Closed GoogleCodeExporter closed 9 years ago
Fixed in reinsert.pm r116 with result:
Tokenizer <g id="0"> programma have to be , the <g id="1"> <g id="2"> </g>
sadala </g> <g id="3"> </g> ievadīto & $ tekstu teikumos , and the teikumus
vārdos14 . </g>
Not exactly what expected, but the current algorithm cannot:
1. Output opening and closing tags in a specific order before before a phrase,
ie. it cannot output "<g id="1"> </g> <g id="2">". It first outputs all opening
tags, then outputs all closing tags before a phrase, then the phrase, then all
closing tags after a phrase. Note that an order cannot necessarily determined:
the combination of tag pairs around target phrases is different from the
source.
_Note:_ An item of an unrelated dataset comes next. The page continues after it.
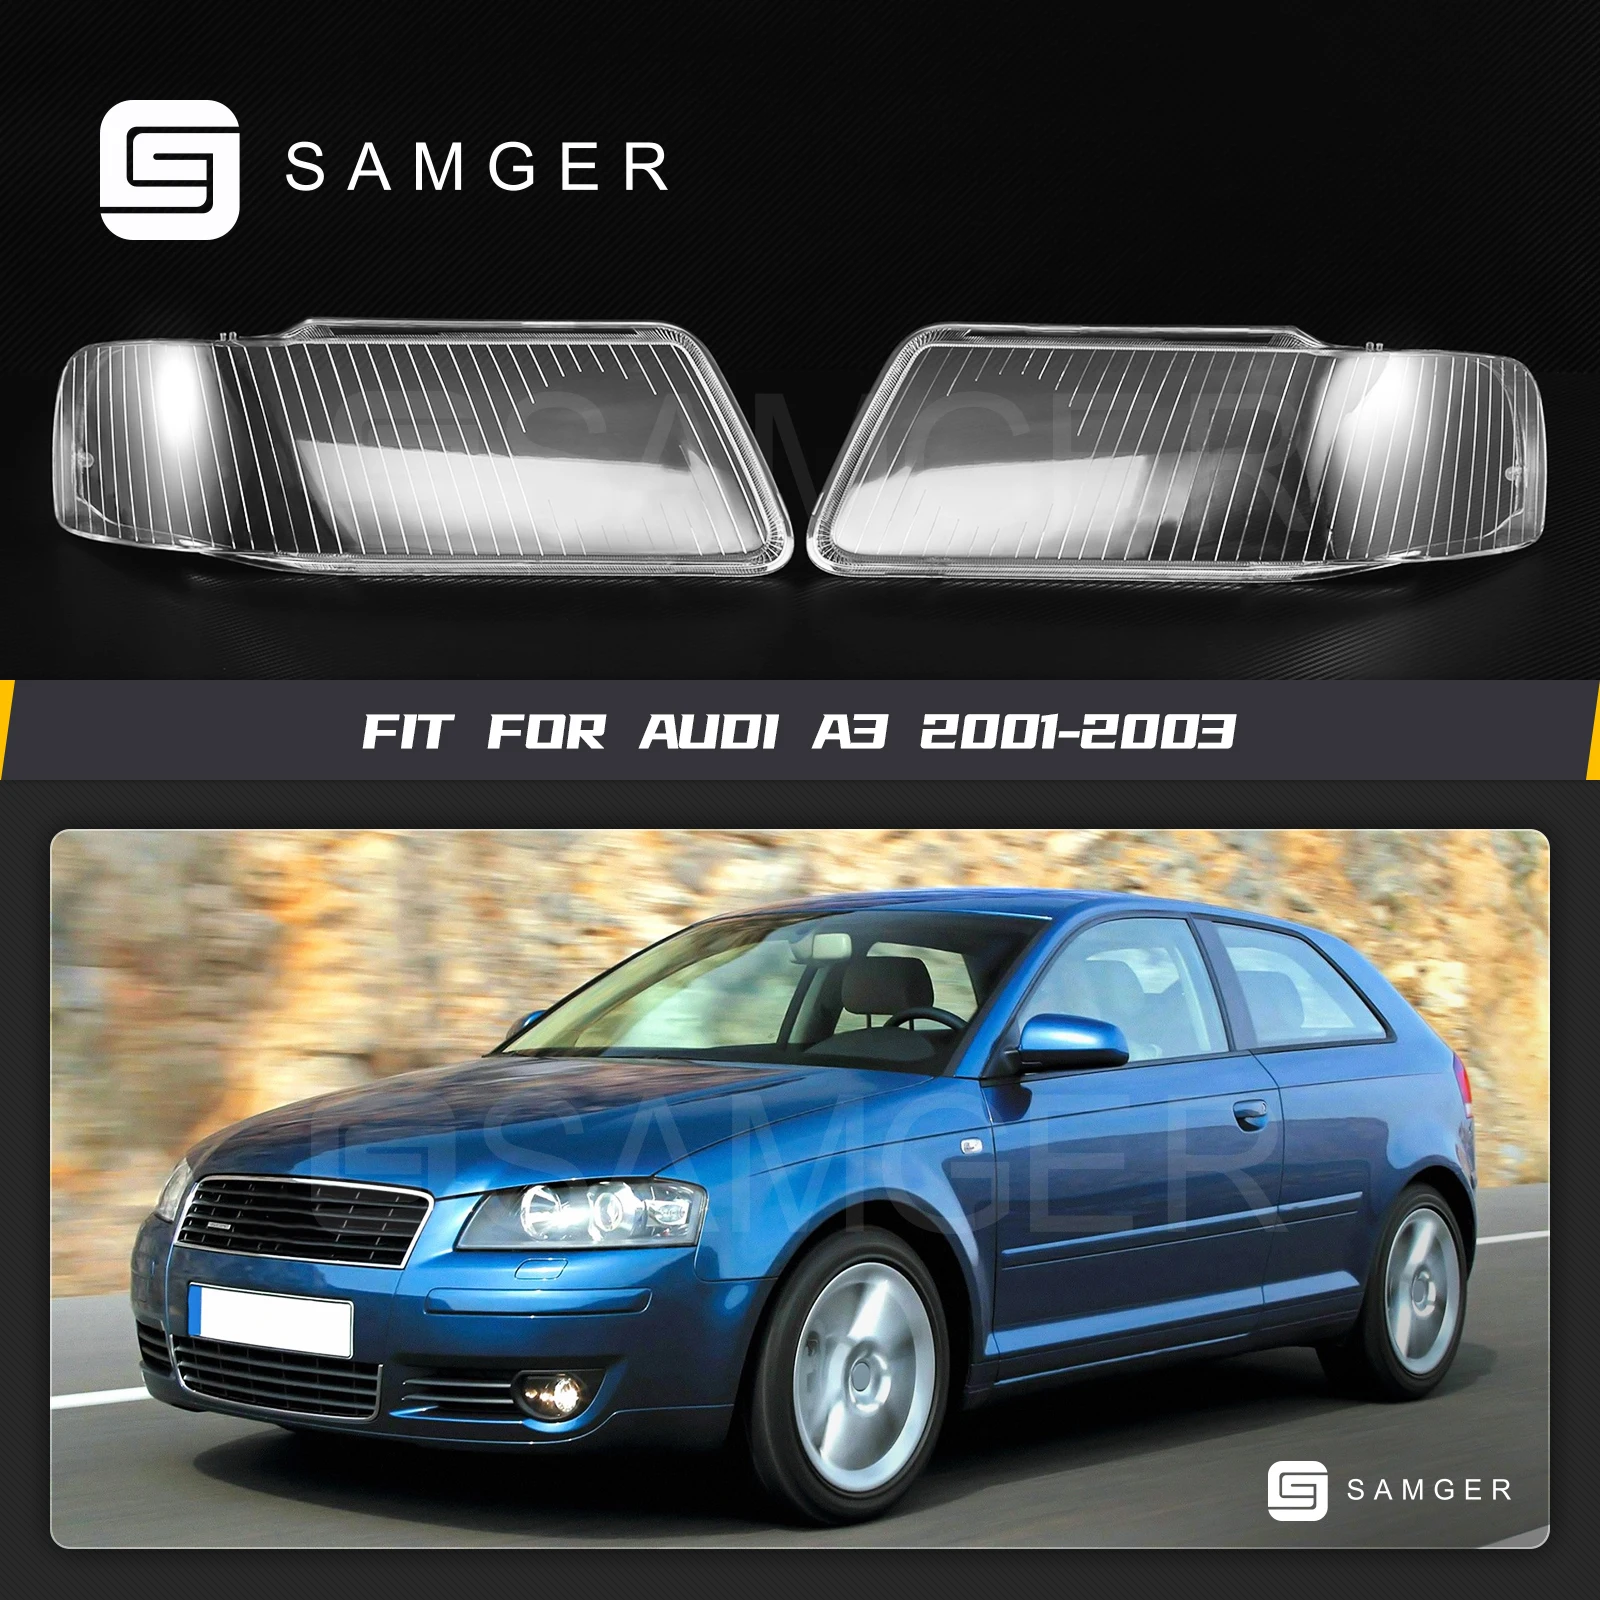 Samger 1Pair Headlight Cover Headlamp Shell Lens Lampshade Transparent For Audi A3 2001-2003 Car Light Protection Cover Shell

If you need strict tag order, you can use an alternative mechanism with
wrap_markup.pm (this also prevents any phrase reordering across markup).
2. Close <g id="2"> after <g id="3">. The former is associated with the phrase
"sadala" only, so it needs to be closed after that phrase. <g id="3"> is
associated with the phrase starting with "ievadīto"
Fixing this further would be a feature request, but it has the problem already
described in 1. and basically tag combinations '<g id="1"> </g>' without a
token in between them should not really happen. These should really be isolated
tags '<x id="1"/>'.
Original comment by Achi...@gmail.com
on 31 Jan 2012 at 11:40
Correction: fixed with reinsert.pm r119
Original comment by Achi...@gmail.com
on 31 Jan 2012 at 11:42
Original issue reported on code.google.com by
Achi...@gmail.com
on 31 Jan 2012 at 11:35